The house is L-shaped on plan. The main block lies east and west, and the wing projects from the north-western angle to contain the staircase. The masonry is a boulder rubble with freestone dressings. The southern angles have been surmounted by open rounds, of which part of the corbelling remains. There have been four storeys below the wall-head, the lowest of them vaulted. Windows are few in number and are chamfered at jamb and lintel. The entrance, situated at the stair-foot, is in ruins; it has been covered by a machicolation, as is indicated by two triple-membered corbels. The stair has been continuous.
The ground-floor storey has been subdivided by a parpen-wall into two cellars, which are lit from north and south. The first floor seems to have been a single chamber, the Hall, a large room 41 by 21 feet, adequately lit from north, south and west, with seats in the embrasures of the windows. Traces of the fireplace are seen in the south wall, and in each wall is an aumbry. The second and third floors have each apparently been subdivided into two chambers and otherwise only differ from the Hall in having mural chambers, now inaccessible but possibly garderobes.
HISTORICAL N OTE. - "Lordscairnie", was so called to distinguish it from other portions of the same district, such as Hillcairnie, Myrecairnie, &c.
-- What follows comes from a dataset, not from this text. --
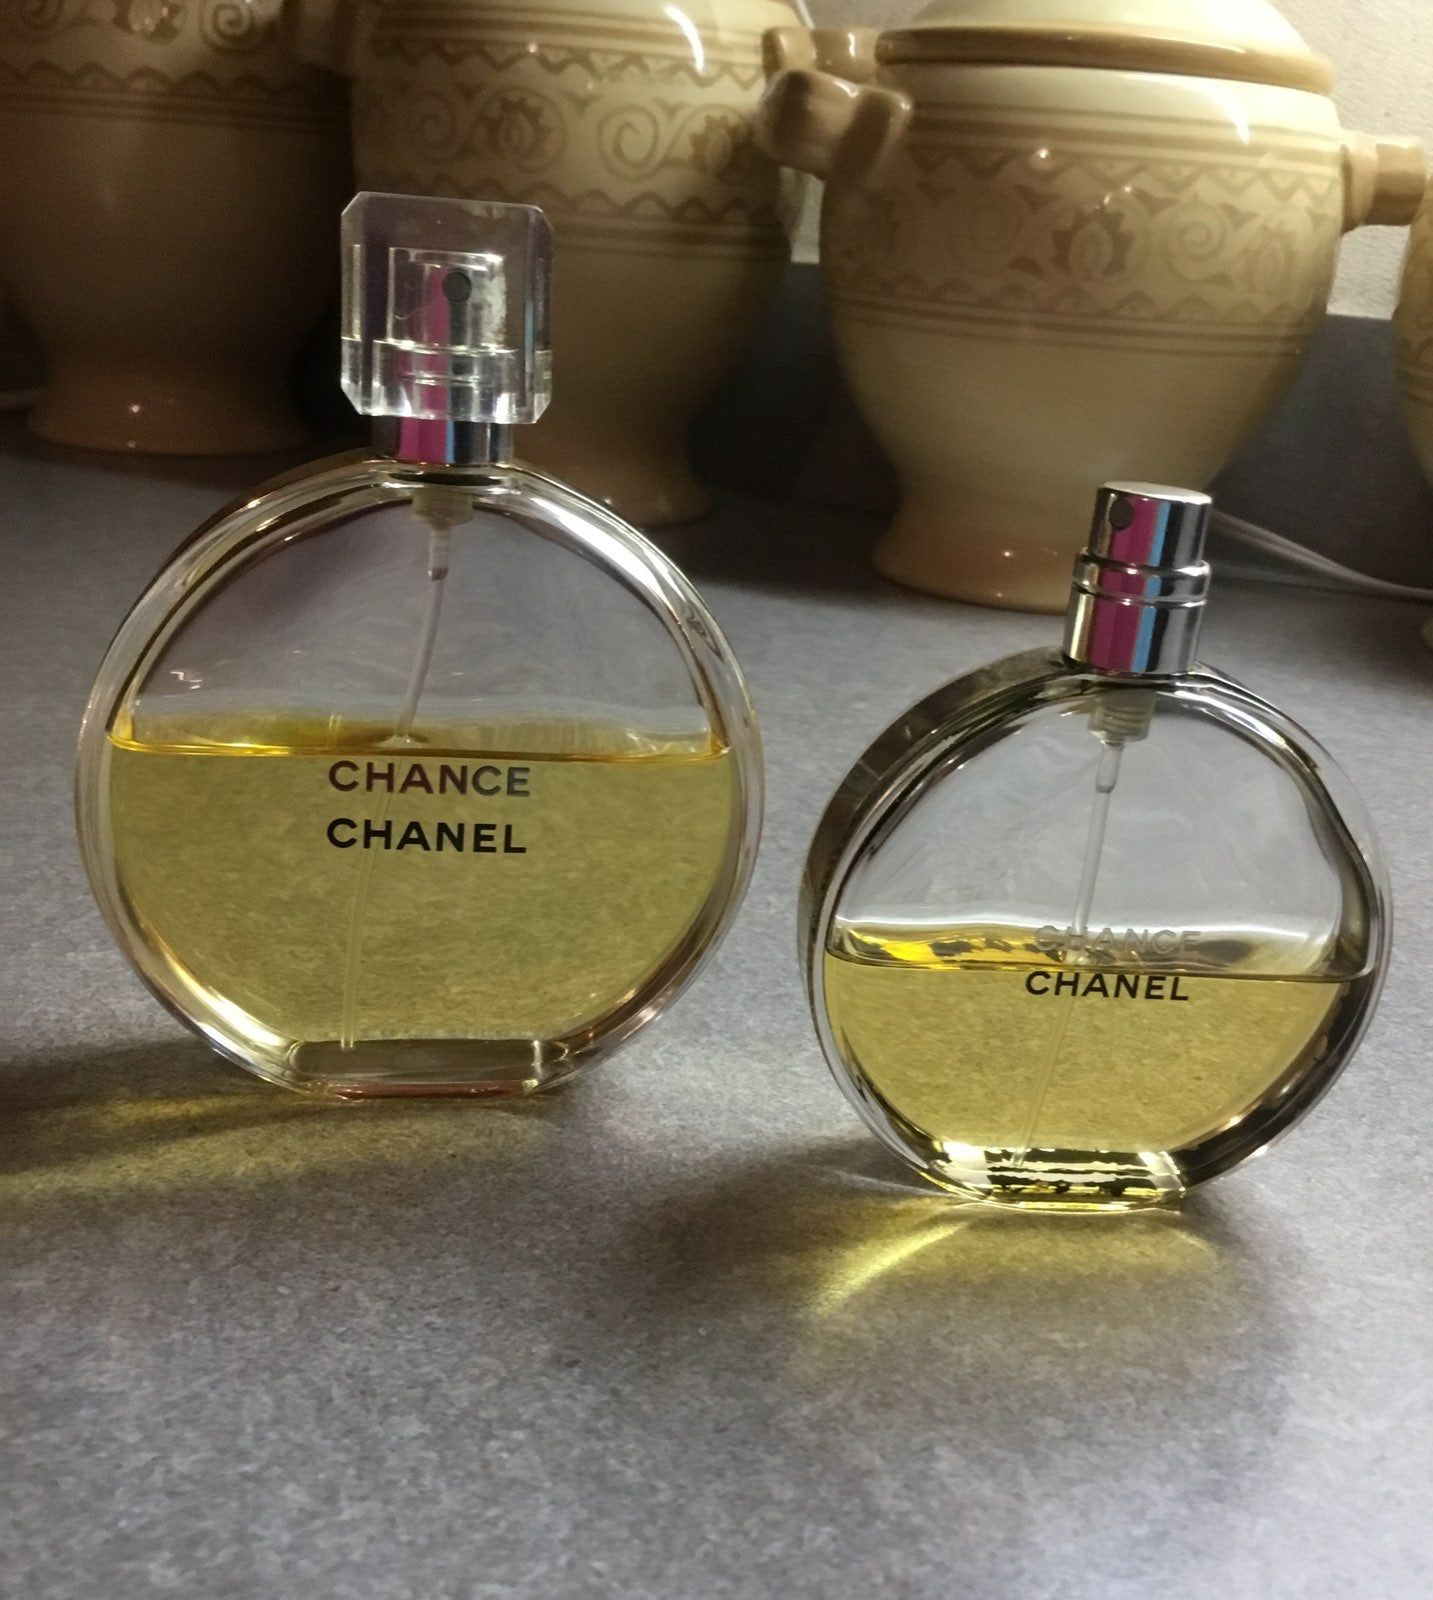 Set Of Two Chanel Chance 1 3 4 Fl Oz Bottle Over Half Full 2 1 7 Fl Oz Bottle About Half Full Both Bottles Chanel Perfume Bottles Metal Bands

In 1355 David de Lindsay, lord of Crawford, made a grant to the church of the monastery of Lindores from his land of "Carny" (1). Thereafter Lordscairnie continued in possession of the Lindsays, afterwards Earls of Crawford (2). The tower is usually said to have been erected by "Earl Beardie," fourth Earl of Crawford, in the first half of the 15th century, but this period seems rather too early
RCAHMS 1933, visited 9 June 1925.
(1) Reg. Mag. Sig., i, No. 190. (2) Stat. Acct., viii, p. 584.